§ **Stored dataset items**:
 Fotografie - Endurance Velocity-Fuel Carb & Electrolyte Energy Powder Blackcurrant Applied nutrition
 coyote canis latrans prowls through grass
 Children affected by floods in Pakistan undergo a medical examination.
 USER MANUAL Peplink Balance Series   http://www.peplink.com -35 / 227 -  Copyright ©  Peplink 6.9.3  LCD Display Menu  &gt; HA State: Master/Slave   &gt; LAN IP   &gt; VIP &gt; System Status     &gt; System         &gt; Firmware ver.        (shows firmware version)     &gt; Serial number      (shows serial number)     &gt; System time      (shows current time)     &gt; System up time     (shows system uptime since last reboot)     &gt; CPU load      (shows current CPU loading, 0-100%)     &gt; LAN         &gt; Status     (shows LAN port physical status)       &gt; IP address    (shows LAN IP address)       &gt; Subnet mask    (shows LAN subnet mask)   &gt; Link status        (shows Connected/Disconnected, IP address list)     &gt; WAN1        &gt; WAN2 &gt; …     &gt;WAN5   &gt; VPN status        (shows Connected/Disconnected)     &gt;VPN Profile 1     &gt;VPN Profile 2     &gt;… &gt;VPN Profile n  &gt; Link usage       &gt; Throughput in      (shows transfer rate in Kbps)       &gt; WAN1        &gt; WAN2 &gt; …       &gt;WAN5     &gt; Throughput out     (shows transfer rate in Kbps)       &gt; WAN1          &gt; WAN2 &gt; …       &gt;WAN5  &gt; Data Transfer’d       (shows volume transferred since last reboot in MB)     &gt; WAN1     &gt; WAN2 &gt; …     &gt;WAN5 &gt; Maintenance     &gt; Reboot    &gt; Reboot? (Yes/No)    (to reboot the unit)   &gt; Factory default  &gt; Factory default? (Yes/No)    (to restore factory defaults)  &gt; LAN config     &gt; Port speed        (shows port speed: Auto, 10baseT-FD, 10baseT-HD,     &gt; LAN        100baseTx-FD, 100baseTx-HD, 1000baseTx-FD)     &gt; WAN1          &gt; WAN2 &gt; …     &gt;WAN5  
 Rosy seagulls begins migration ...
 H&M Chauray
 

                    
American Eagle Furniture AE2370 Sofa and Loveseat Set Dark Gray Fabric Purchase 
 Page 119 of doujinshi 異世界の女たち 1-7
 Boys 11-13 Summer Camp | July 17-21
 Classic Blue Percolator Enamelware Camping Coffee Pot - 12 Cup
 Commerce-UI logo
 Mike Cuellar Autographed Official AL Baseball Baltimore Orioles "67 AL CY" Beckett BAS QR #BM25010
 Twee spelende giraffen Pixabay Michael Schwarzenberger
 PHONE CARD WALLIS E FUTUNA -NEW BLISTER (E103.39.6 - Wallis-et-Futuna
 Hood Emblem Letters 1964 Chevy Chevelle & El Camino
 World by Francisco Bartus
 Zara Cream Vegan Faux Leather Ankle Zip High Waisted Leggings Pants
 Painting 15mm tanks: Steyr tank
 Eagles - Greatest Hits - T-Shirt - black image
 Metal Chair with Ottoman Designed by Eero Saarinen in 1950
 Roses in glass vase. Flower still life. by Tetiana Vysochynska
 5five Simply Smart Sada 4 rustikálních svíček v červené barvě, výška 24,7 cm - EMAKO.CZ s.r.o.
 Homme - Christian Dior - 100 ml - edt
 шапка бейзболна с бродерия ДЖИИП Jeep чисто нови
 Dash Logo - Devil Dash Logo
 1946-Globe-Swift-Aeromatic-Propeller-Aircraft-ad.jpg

§ **Exercise requirements**: The answer should be an exact copy of the lines from the first line of the data through the line with "Children affected by" and should contain nothing else.

§ **Exercise output**:
 Fotografie - Endurance Velocity-Fuel Carb & Electrolyte Energy Powder Blackcurrant Applied nutrition
 coyote canis latrans prowls through grass
 Children affected by floods in Pakistan undergo a medical examination.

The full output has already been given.